Start of INPUT FOR THIS TASK

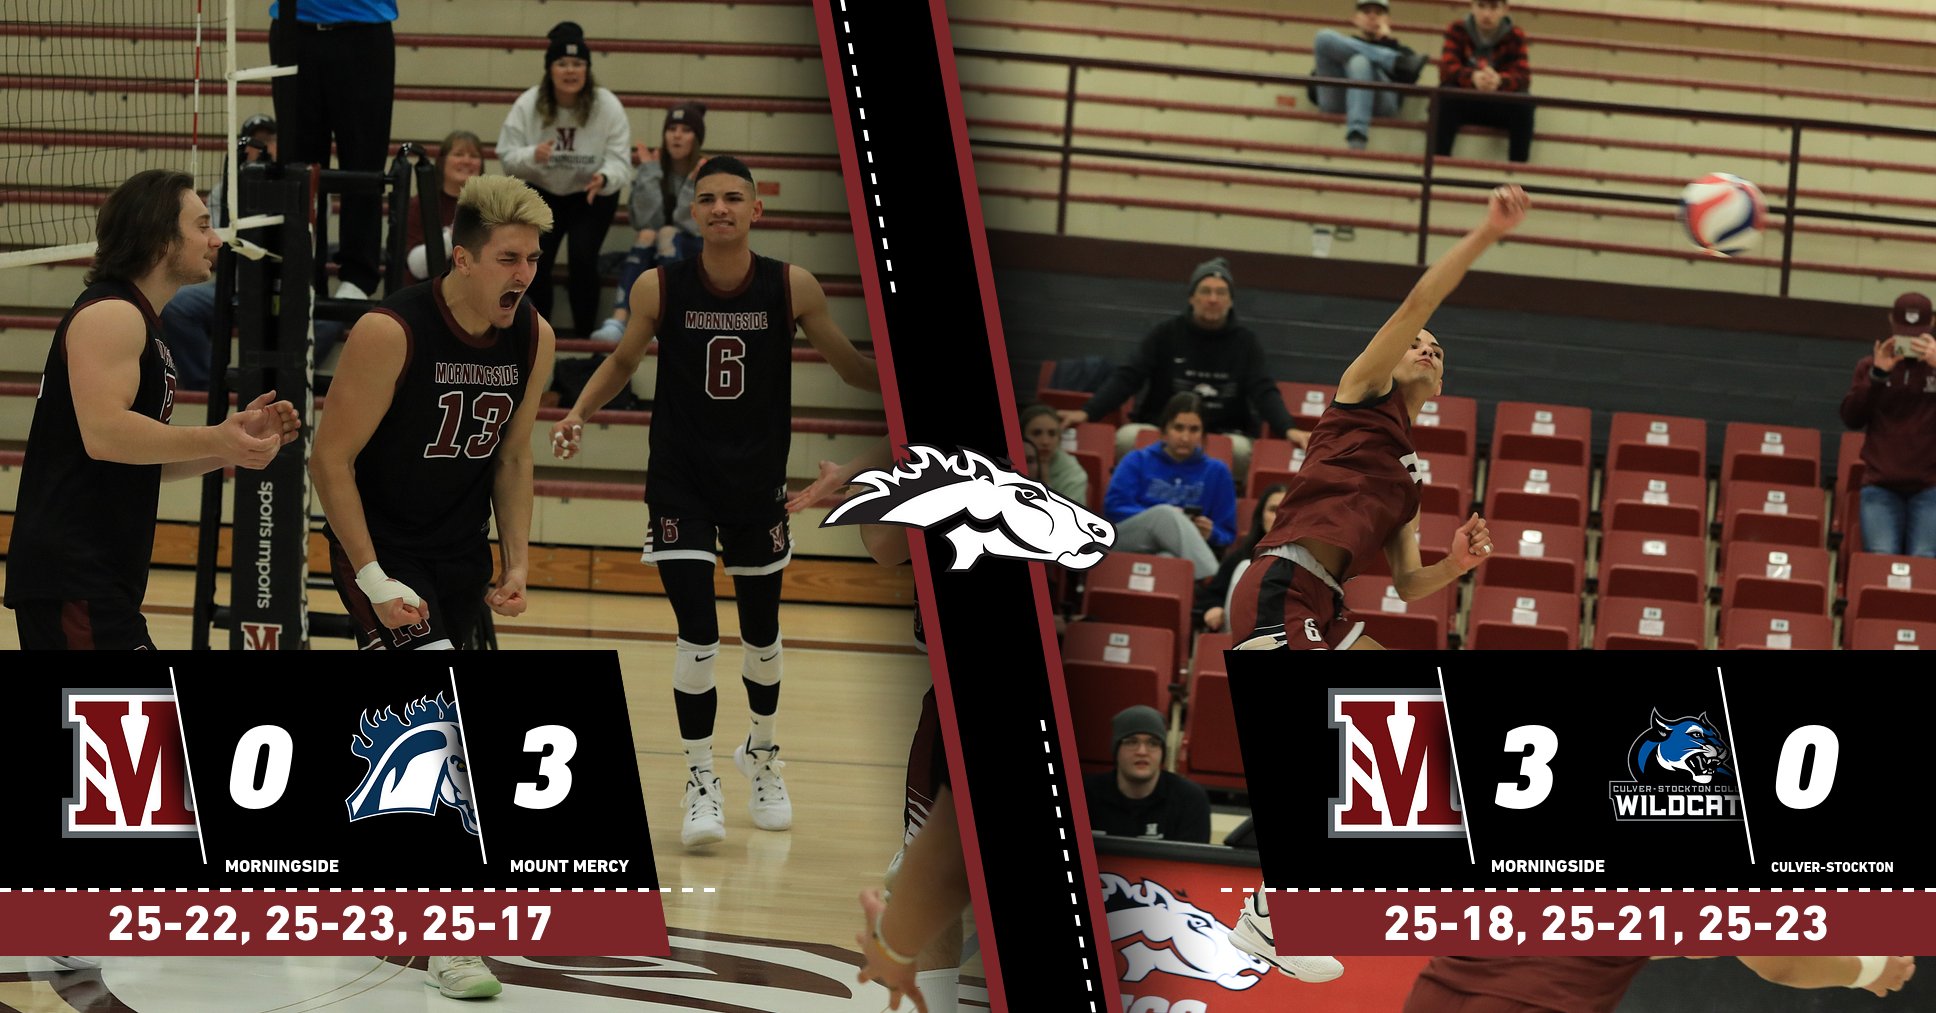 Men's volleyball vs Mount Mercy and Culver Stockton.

End of INPUT FOR THIS TASK
Start of INPUT FOR THIS TASK

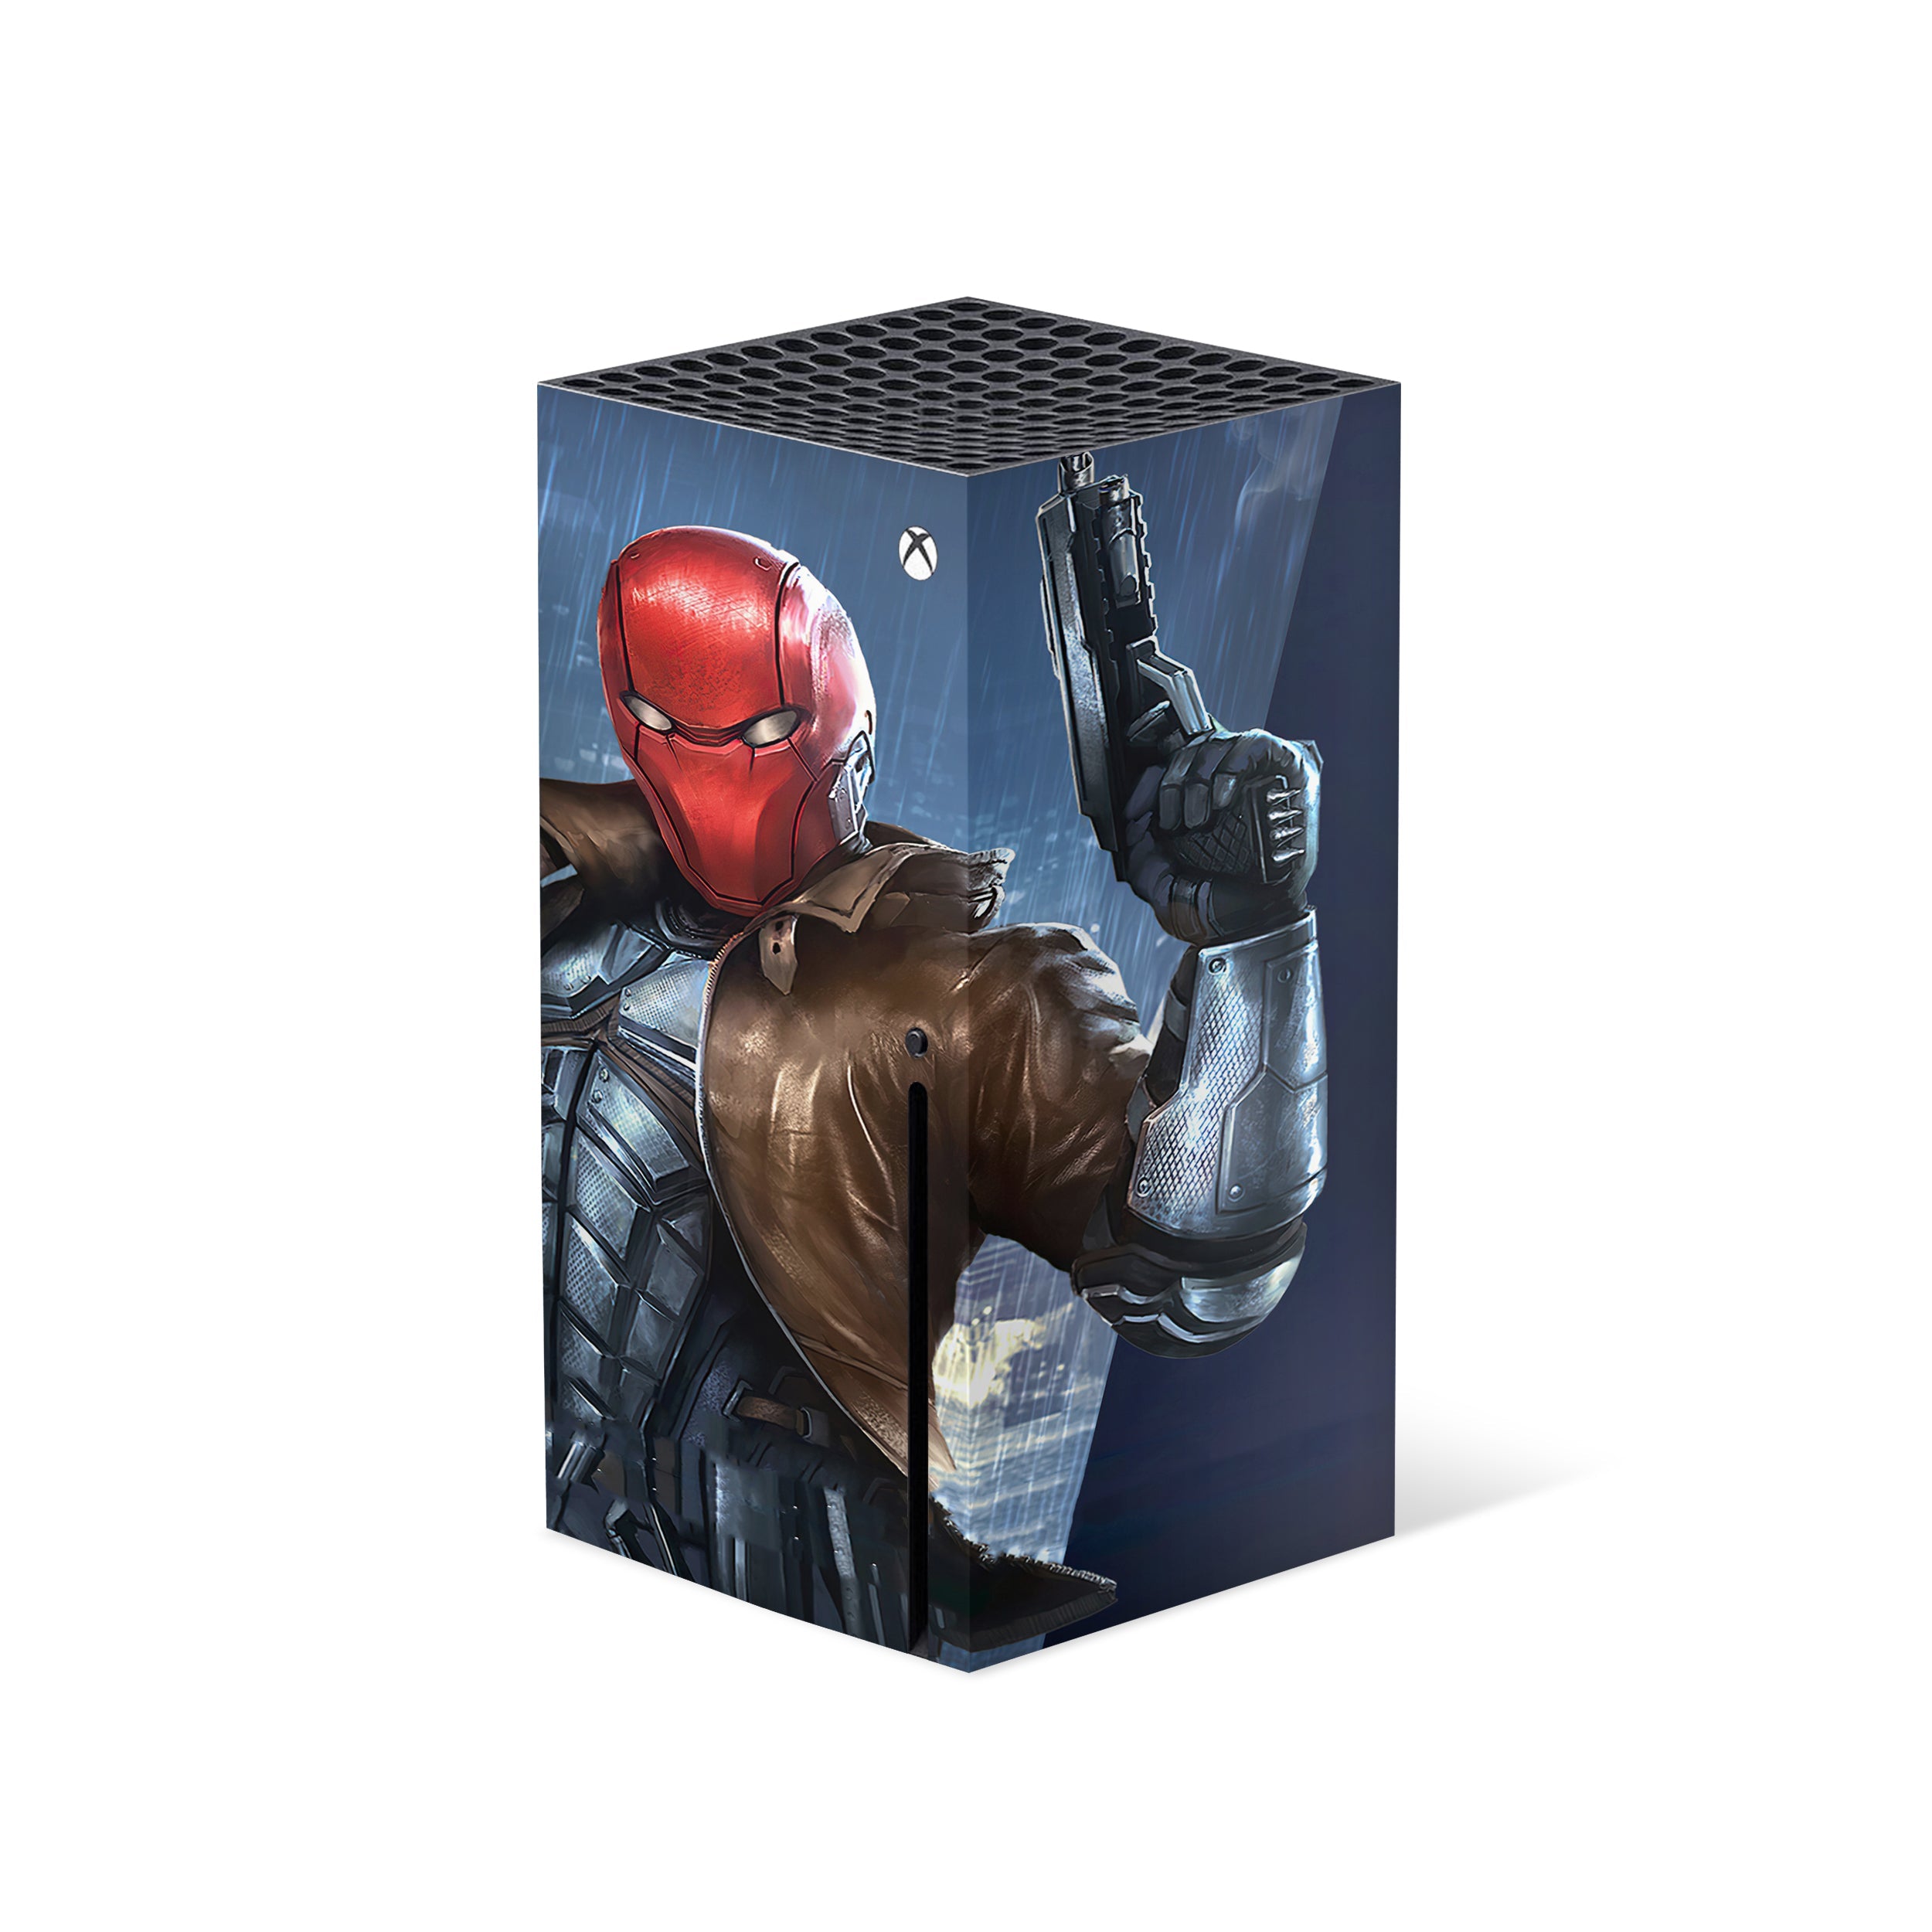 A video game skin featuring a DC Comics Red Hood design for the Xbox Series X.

End of INPUT FOR THIS TASK
Start of INPUT FOR THIS TASK

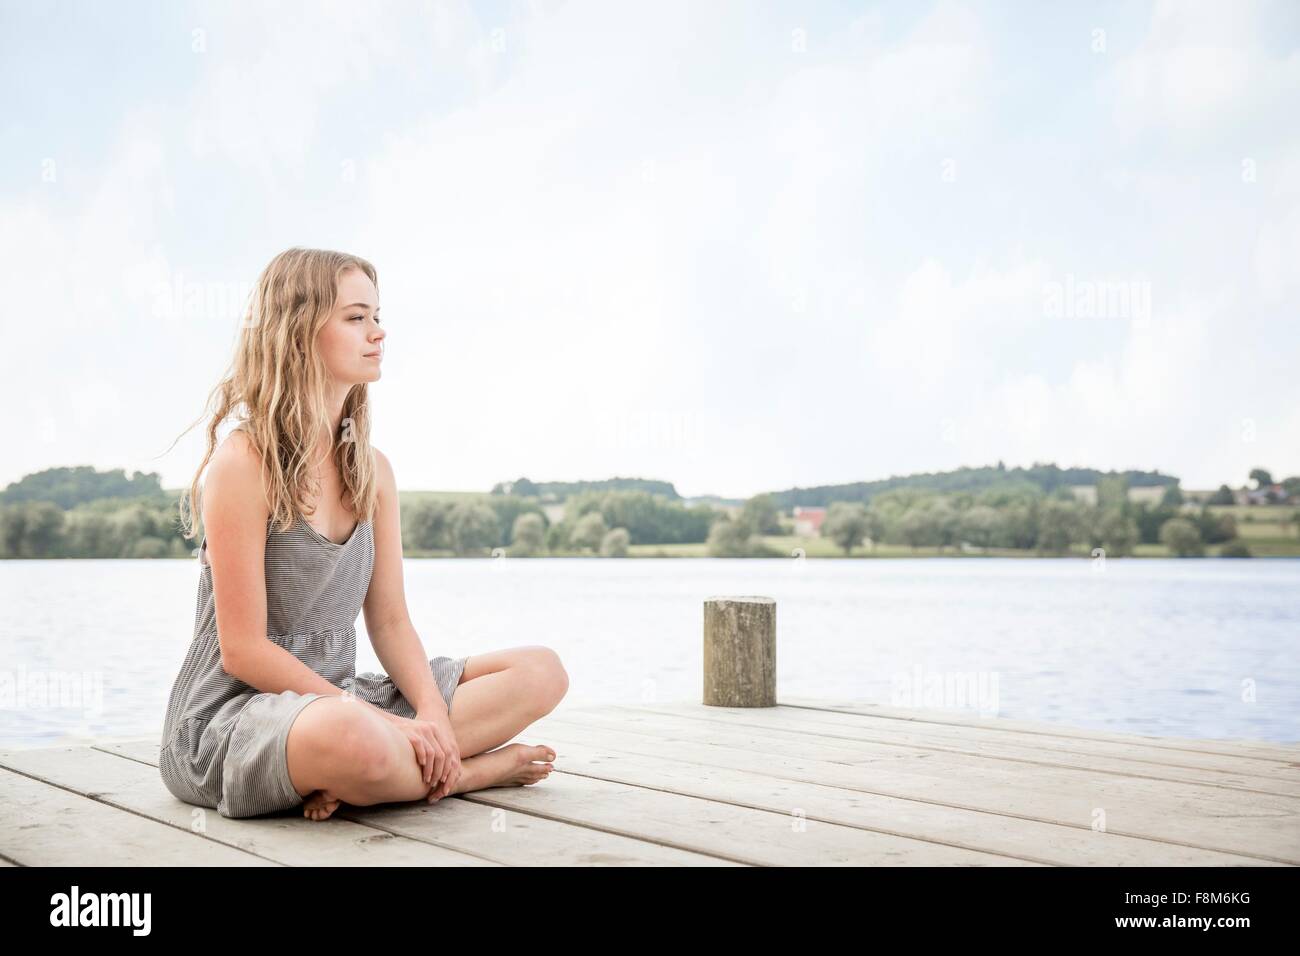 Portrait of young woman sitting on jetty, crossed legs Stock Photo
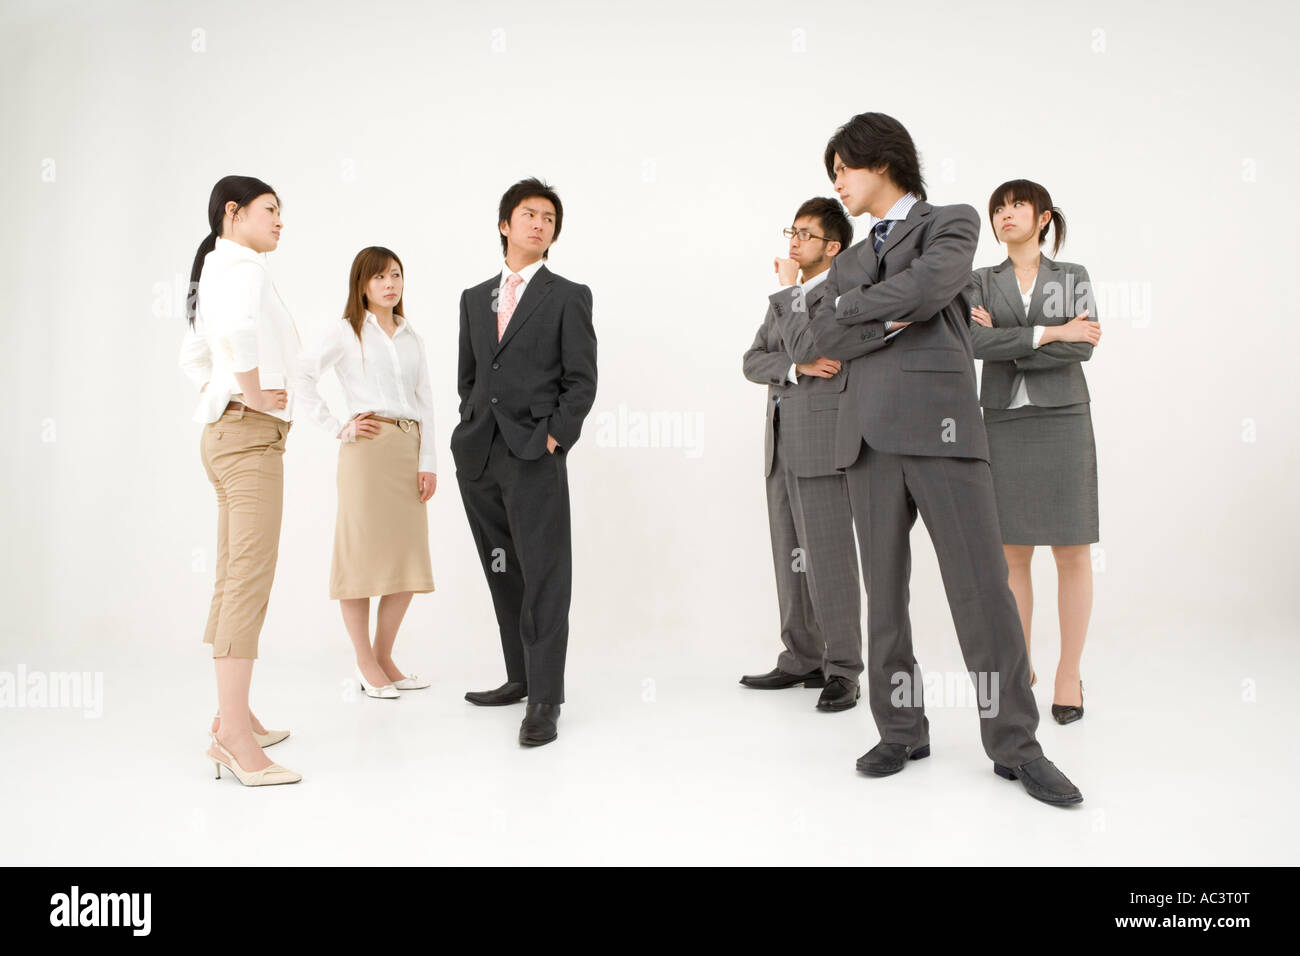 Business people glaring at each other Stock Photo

End of INPUT FOR THIS TASK

ASSIGNMENT
Although the records above contain pictures, the copy must not; set down exactly the lines from the one with "Portrait of young" up to and including the one with "Business people glaring".

SOLUTION FOR THIS PROBLEM
 Portrait of young woman sitting on jetty, crossed legs Stock Photo
 Business people glaring at each other Stock Photo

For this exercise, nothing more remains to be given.